DATA SEGMENT:
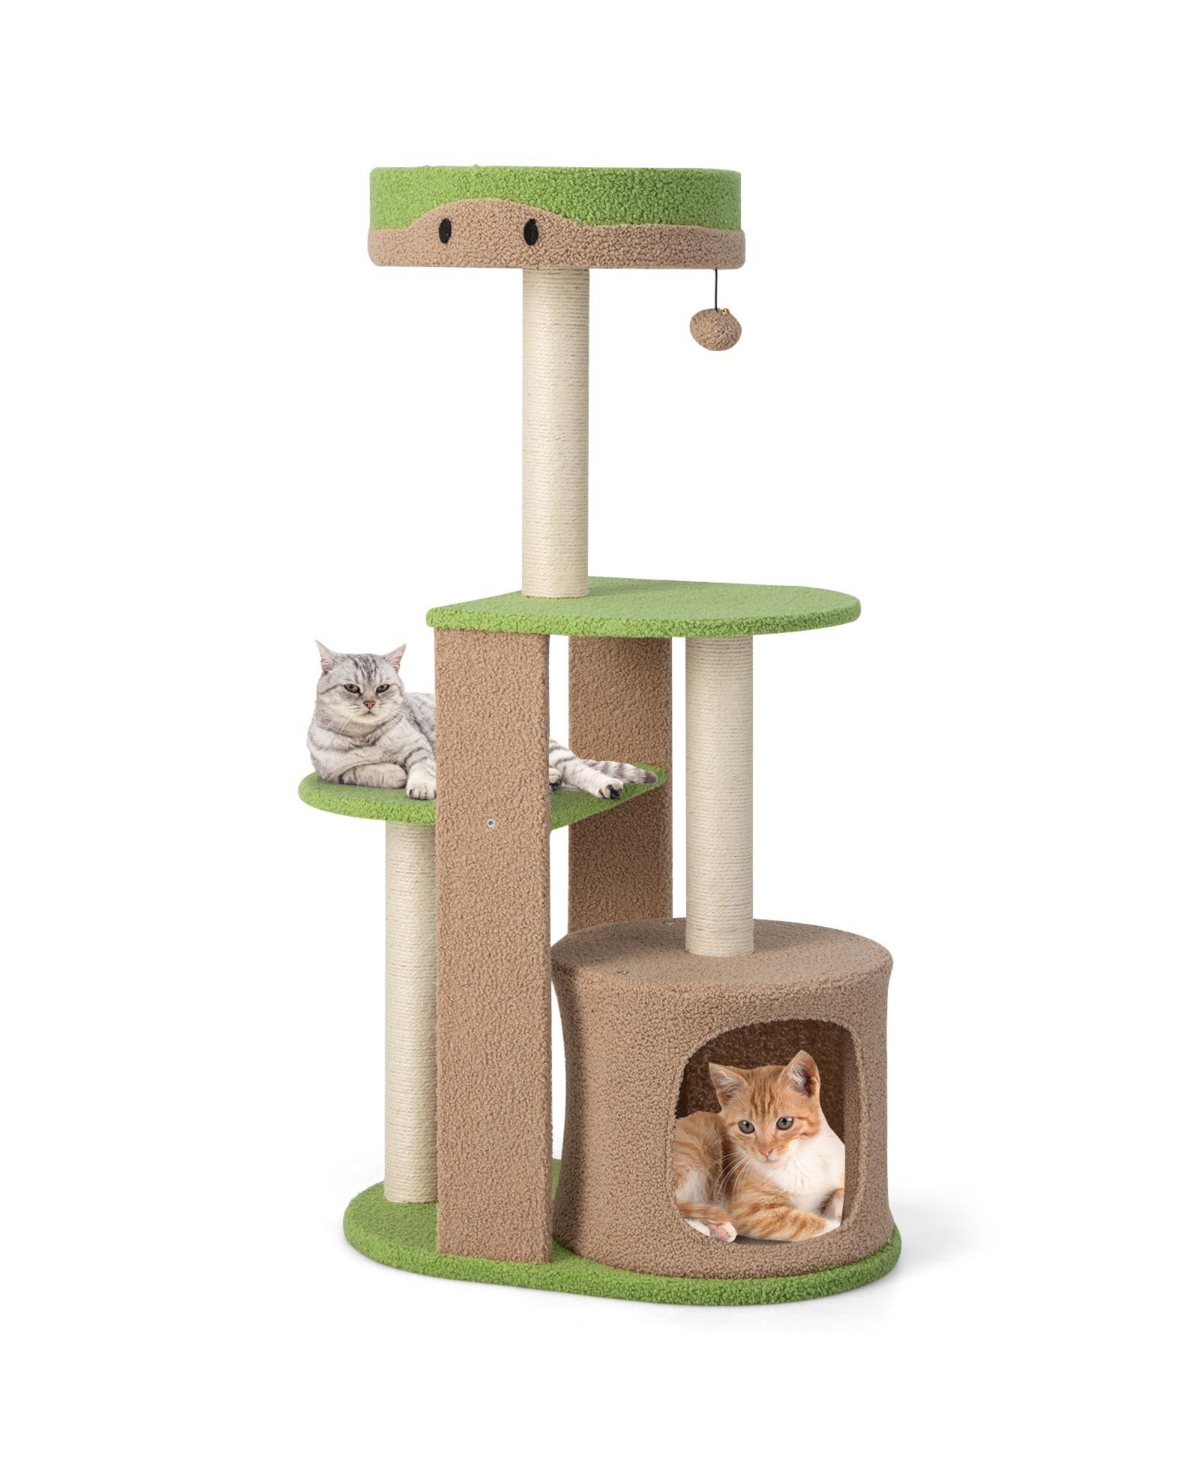 5-Tier Cat Tree Tower 44'' Cat Climbing Stand Perch with Sisal Scratching Posts - Green
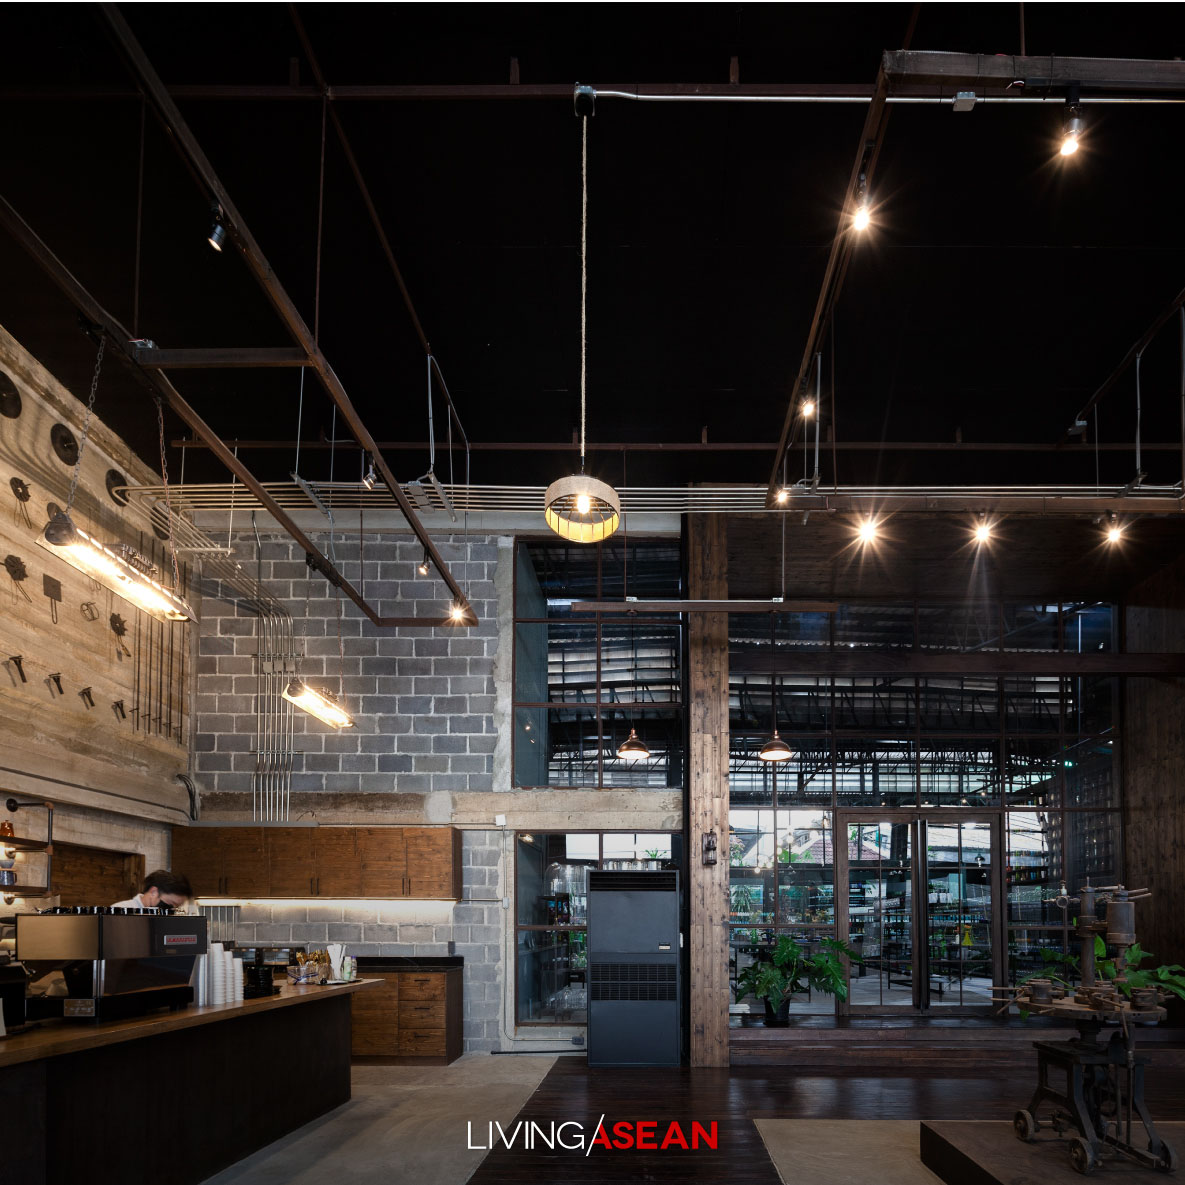 Easternglass Café the Beauty of an Industrial Loft Space
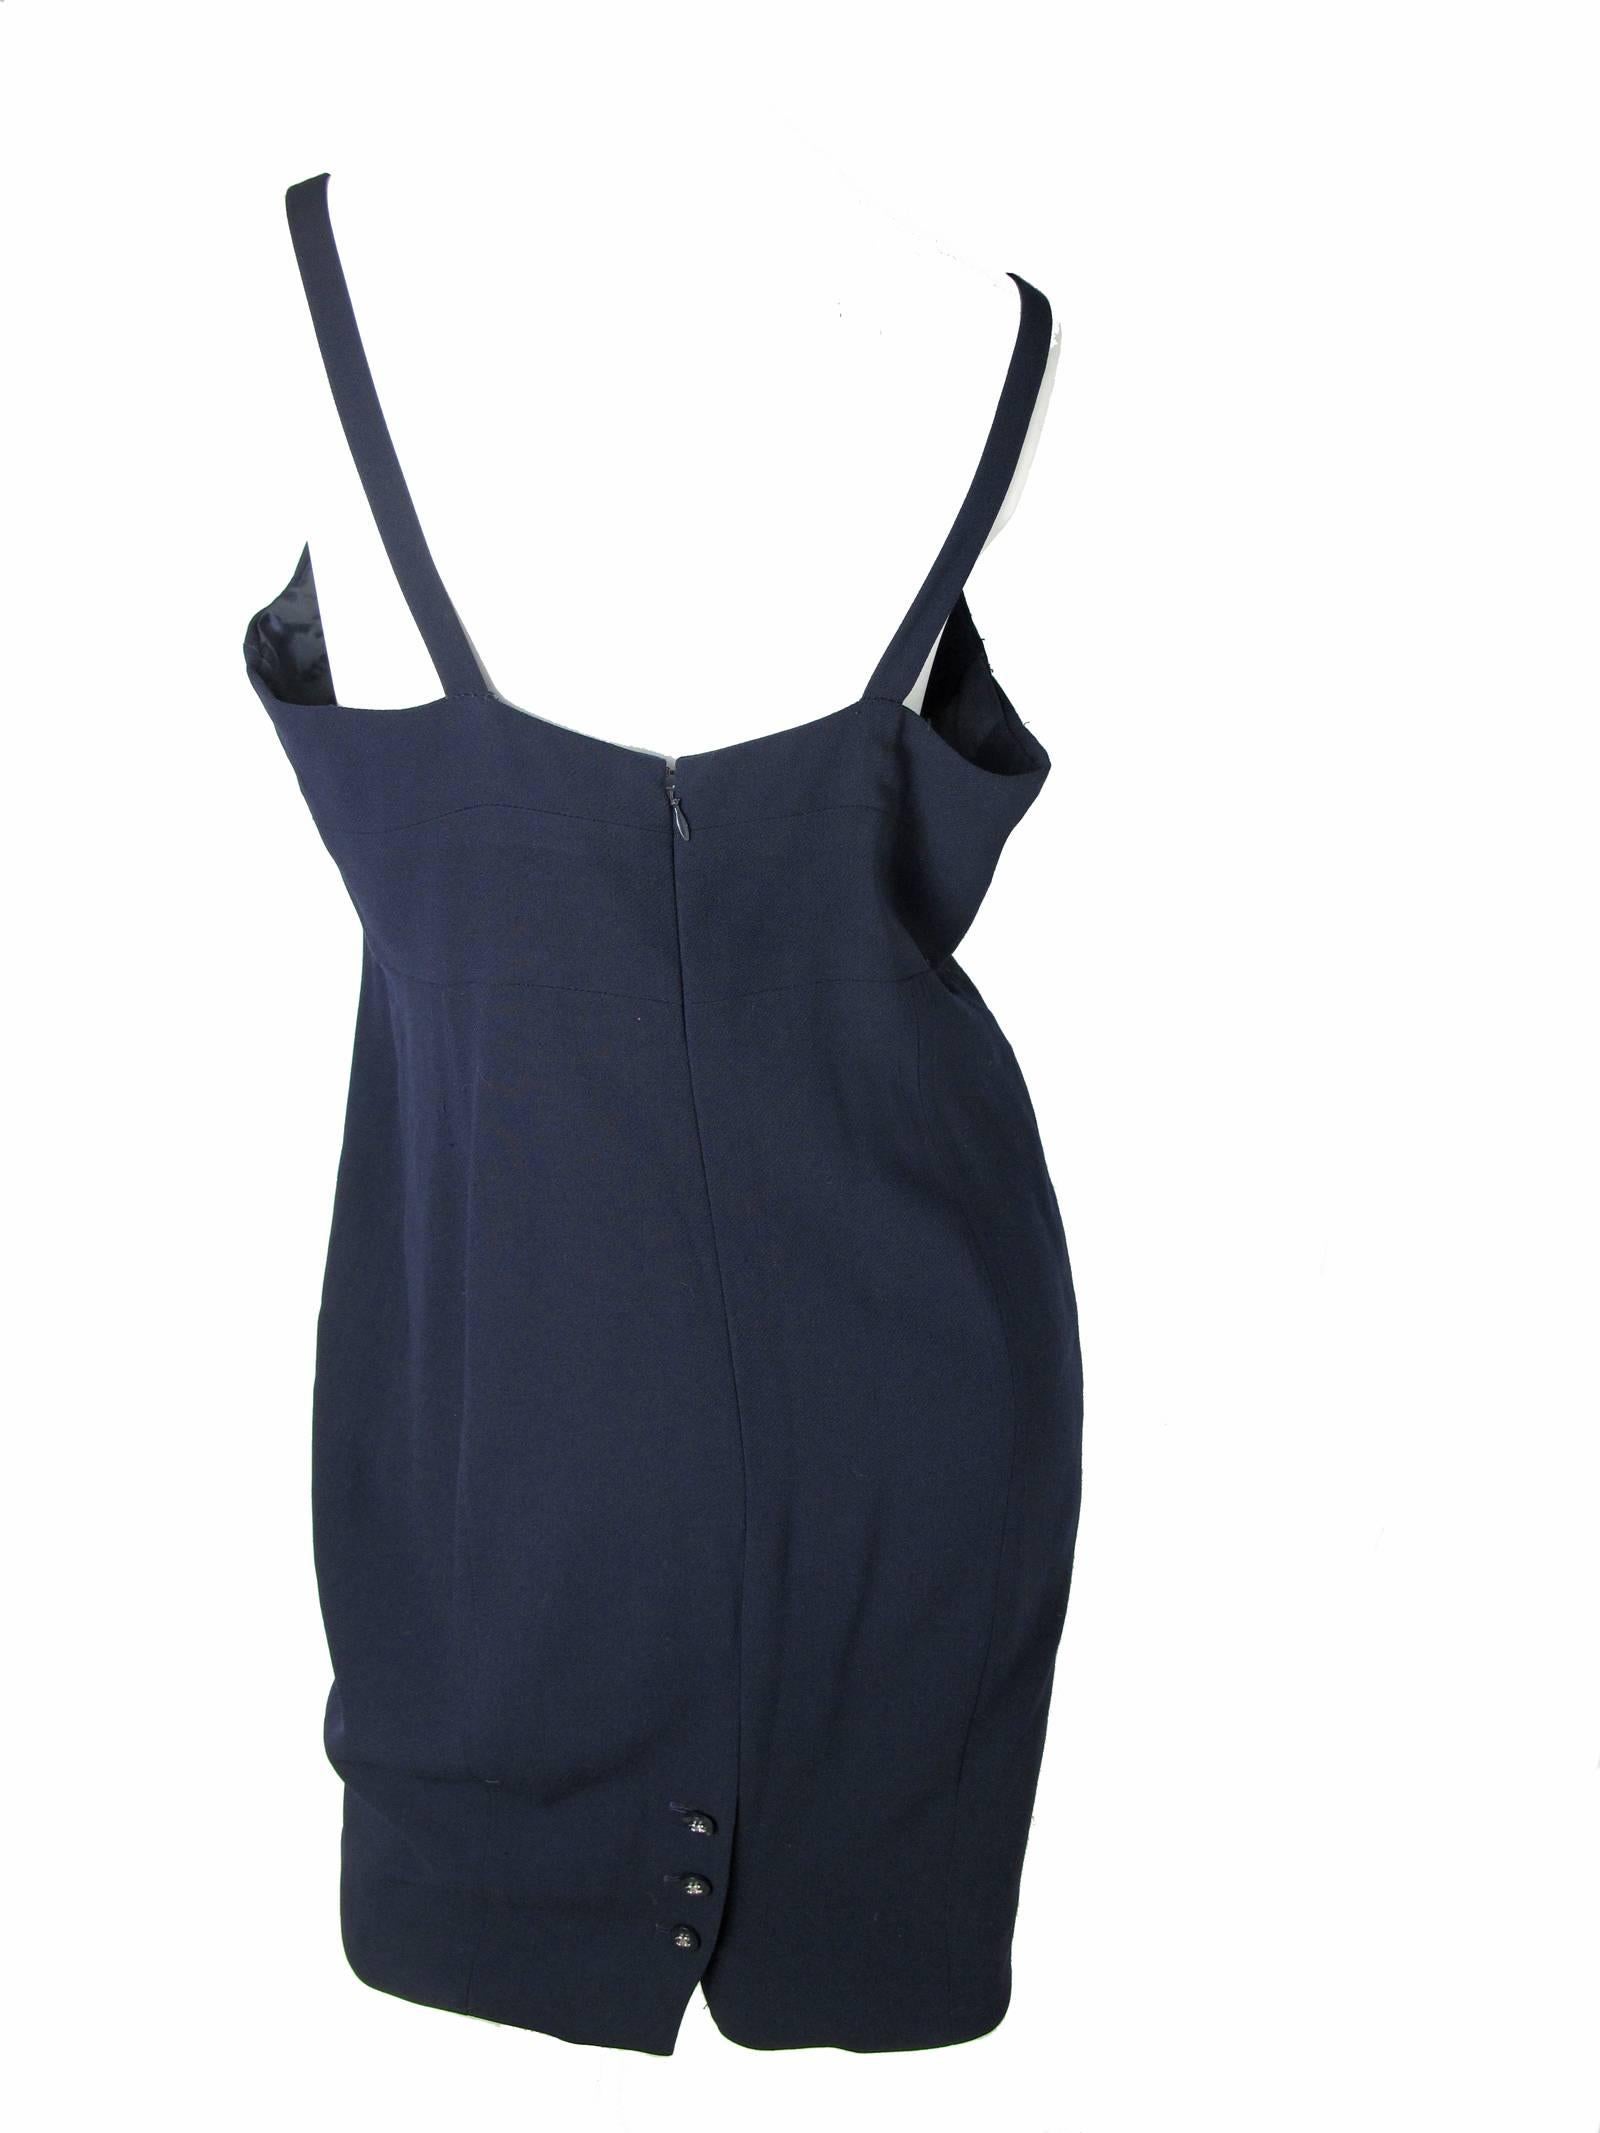 Chanel 1996 navy wool tank dress with

TASK REQUIREMENTS:
Repeat the material exactly. Any picture in it should be dropped.

SOLUTION BELOW:
 5-Tier Cat Tree Tower 44'' Cat Climbing Stand Perch with Sisal Scratching Posts - Green
 Easternglass Café the Beauty of an Industrial Loft Space
 Chanel 1996 navy wool tank dress with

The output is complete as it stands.